• **INFORMATION GIVEN**

....

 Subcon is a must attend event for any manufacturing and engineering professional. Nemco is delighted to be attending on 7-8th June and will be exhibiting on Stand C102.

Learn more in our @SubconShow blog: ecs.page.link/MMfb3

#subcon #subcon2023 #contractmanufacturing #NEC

....

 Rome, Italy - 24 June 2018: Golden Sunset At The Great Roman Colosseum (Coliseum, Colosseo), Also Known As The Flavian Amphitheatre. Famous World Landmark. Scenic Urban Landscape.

....

• **EXERCISE DIRECTIONS**
Extract from the listing above the lines between the line containing "Learn more in" and the line containing "#subcon #subcon2023 #contractmanufacturing", keeping both of those lines. Output nothing else.

• **OUTPUT OF THE TASK**
Learn more in our @SubconShow blog: ecs.page.link/MMfb3

#subcon #subcon2023 #contractmanufacturing #NEC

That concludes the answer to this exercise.